Course objectives are acquiring insight into some of the main themes which played an important role in the bi-lateral relations between Europe and the Ottoman Empire, which was part of a, in many respects, different world in which Islam was a dominant factor. The student will be trained to take notice of the differences between western and eastern (Islamic) cultures and to abandon a dominantly Europe-centered approach and imagine oneself in the position of human beings living in a different culture.



Mode of instruction

  • Seminar

Attendance and participation are obligatory. Classes missed for a good reason (to the discretion of the conveners and to be discussed BEFORE the class takes place) will have to be made up with an extra assignment. Being absent without notification can result in a lower grade or exclusion from the term end paper and a failing grade for the course.

Course Load

The course load is 10 ECTS equal to 280 hours.

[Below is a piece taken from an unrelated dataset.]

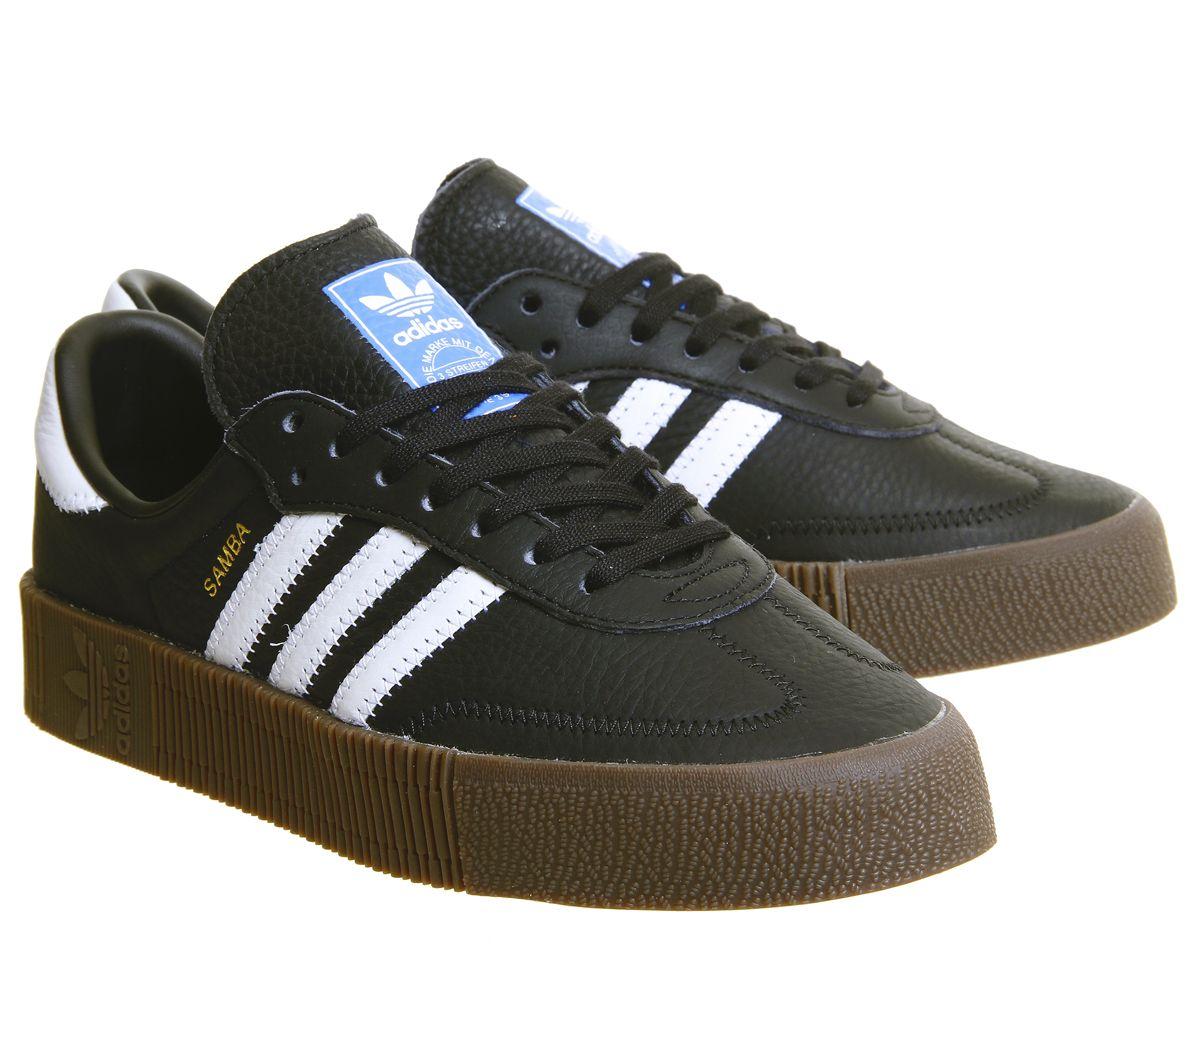 size 40 39d1c c0e70 Sentinel Womens Adidas Samba Rose Trainers Core Black White Gum Trainers  Shoes

  • Hours spent on attending the seminar: 2 hours per week x 13 weeks = 26 hours

  • Time for studying the compulsive literature: 2000 pages : 20 per hour = 100 hours

  • Time for composing a presentation: 19 hours

  • Time to write the term paper: 135 hours

Assessment method

The final mark of this course will be composed of the following elements:

  • Active participation in group discussions and presentations (40%)

  • 5,000-word essay (term paper) (60%). A printed draft version is to be presented and discussed during the course (=second presentation); the feedback given by the instructor and fellow students must be integrated into the final version.

In order to pass the course, students must obtain an overall mark of 5.50 (=6) or higher. A new version of the final assignment (60%) may be written if the overall mark for the course is “5.49” (=5) or lower. If students take this option, they must choose an alternative topic. They will not be permitted to resubmit the same paper. The deadline for this version will be determined in consultation.

The course is an integrated whole. All assessment parts must be completed in the same academic year. No partial marks can be carried over into following years.



Reading list

Will be made available to the students at the beginning of the course


Students are required to register through uSis. To avoid mistakes and problems, students are strongly advised to register in uSis through the activity number which can be found in the timetable in the column under the heading “Act.nbr.”.

Not being registered, means no permission to attend this course. See also the ‘Registration procedures for classes and examinations’ for registration deadlines and more information on how to register.


Dhr. dr. J. Schmidt.


Students with disabilities

The university is committed to supporting and accommodating students with disabilities as stated in the university protocol (especially pages 3-5). Students should contact Fenestra Disability Centre at least four weeks before the start of their courses to ensure that all necessary academic accommodations can be made in time conform the abovementioned protocol.

Academic Integrity

Students are expected to be familiar with Leiden University policies on plagiarism and academic integrity. Plagiarism will not be tolerated. If you submit any work with your name affixed to it, it is assumed to be your own work with all sources used properly indicated and documented in the text (with quotations and/or citations).